Megan Gilkes (born 6 November 2000 in Richmond Hill, Ontario) is a Canadian racing driver. She competed in the W Series in 2019.

Biography
A third-generation racer, Gilkes began karting aged nine in her then-home of Barbados. Following a break from racing after a crash in qualifying at the World Finals where she broke her wrist, she won the Ottawa Challenge Karting Cup in her home country of Canada, and finished runner up in the 2016 Eastern Canadian Karting Championship as an ambassador for Dare to be Different. In 2017, Gilkes stepped up to single-seaters in the Canadian F1200 championship. Despite not contesting all of the rounds in either season she competed in, she finished third and second overall in consecutive years. Also in 2017, Gilkes finished runner up in the Sports Car Club of America Southeast Majors championship, having led it for 10 of the 12 rounds.

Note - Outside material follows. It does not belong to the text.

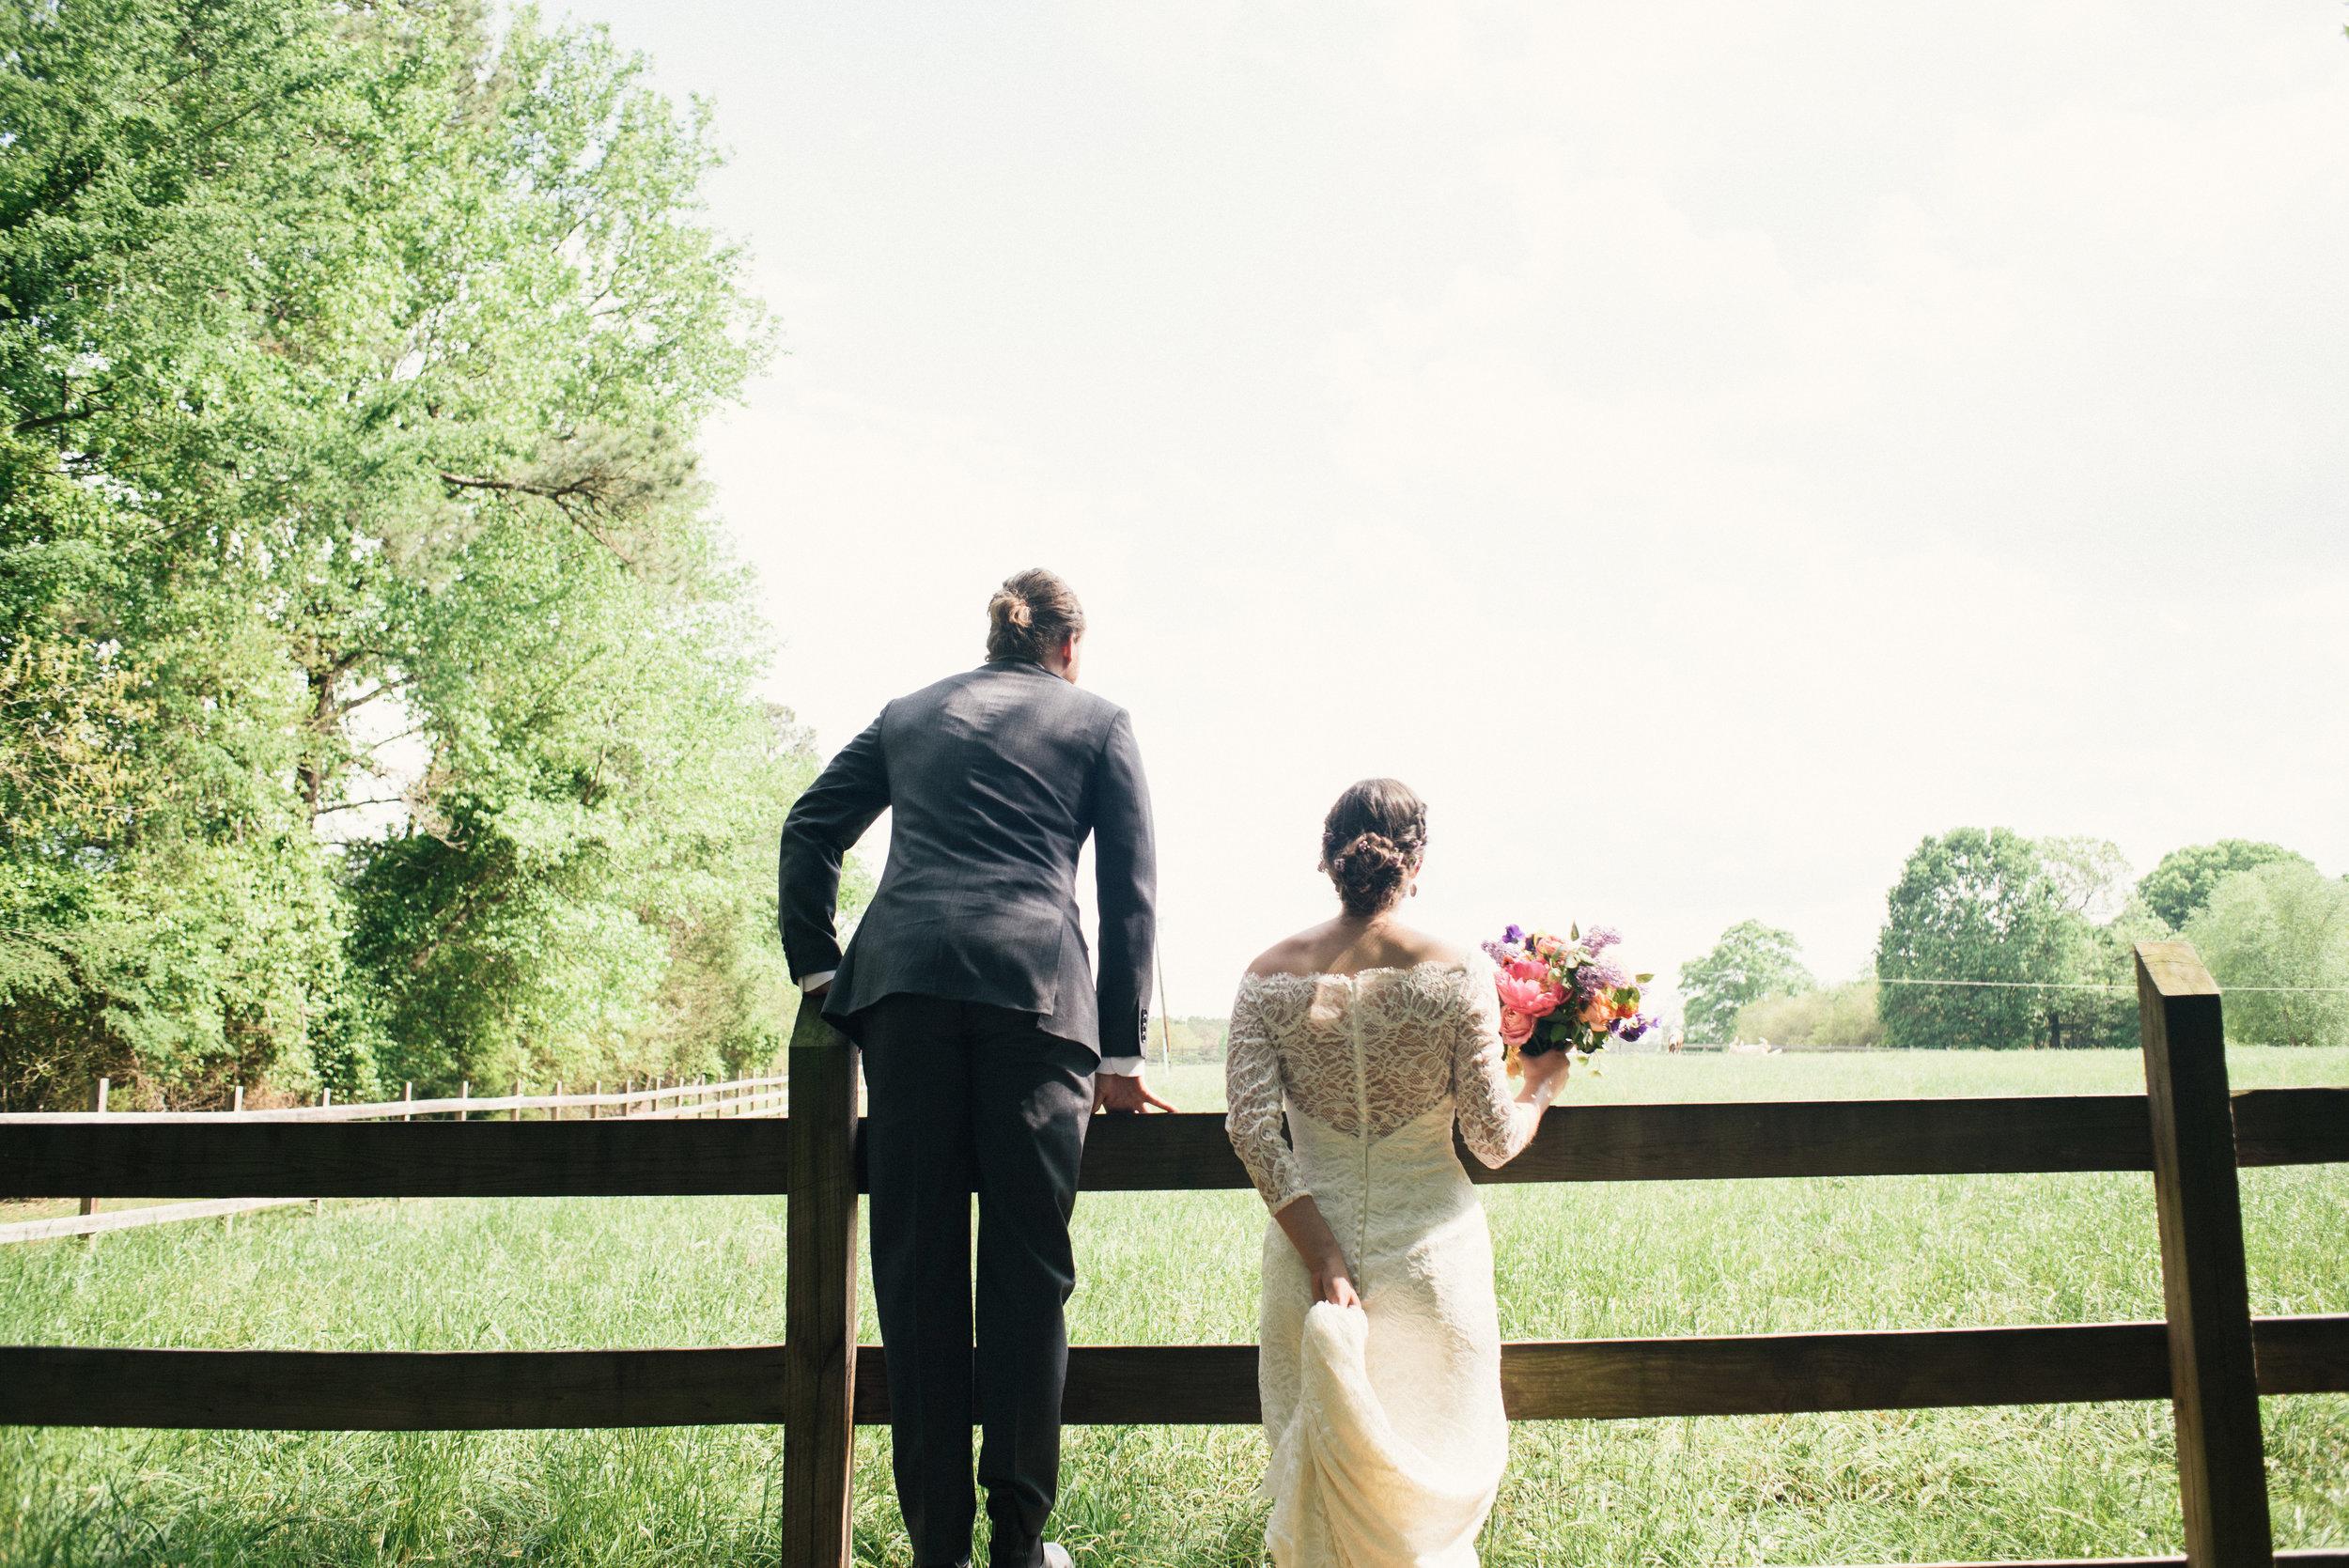 raleigh-elopement-photographer-raleigh-durham-wedding-maddie-and-devin- (48 of 162).jpg

In 2019, Gilkes applied for the W Series, a European-based Formula 3 championship solely for women. She was selected into the category as one of 18 full-time drivers, where she won the non-championship reverse grid race at TT Circuit Assen, and became the youngest W Series race winner, and only North American female driver to win a Formula 3 race in Europe. Gilkes returned to Canada in 2020, competing in the Ontario Formula 1600 Championship, where she had two pole positions, two fastest race laps and 13 podium finishes, and was runner up overall in the series.

Personal life
Gilkes' younger brother Nick who is currently competing in Eurocup-3 for Drivex.

Alongside her racing, she studies Aeronautical Engineering at the Imperial College in London.

Racing record

Career summary

SCCA National Championship Runoffs

Complete W Series results
(key) (Races in bold indicate pole position) (Races in italics indicate fastest lap)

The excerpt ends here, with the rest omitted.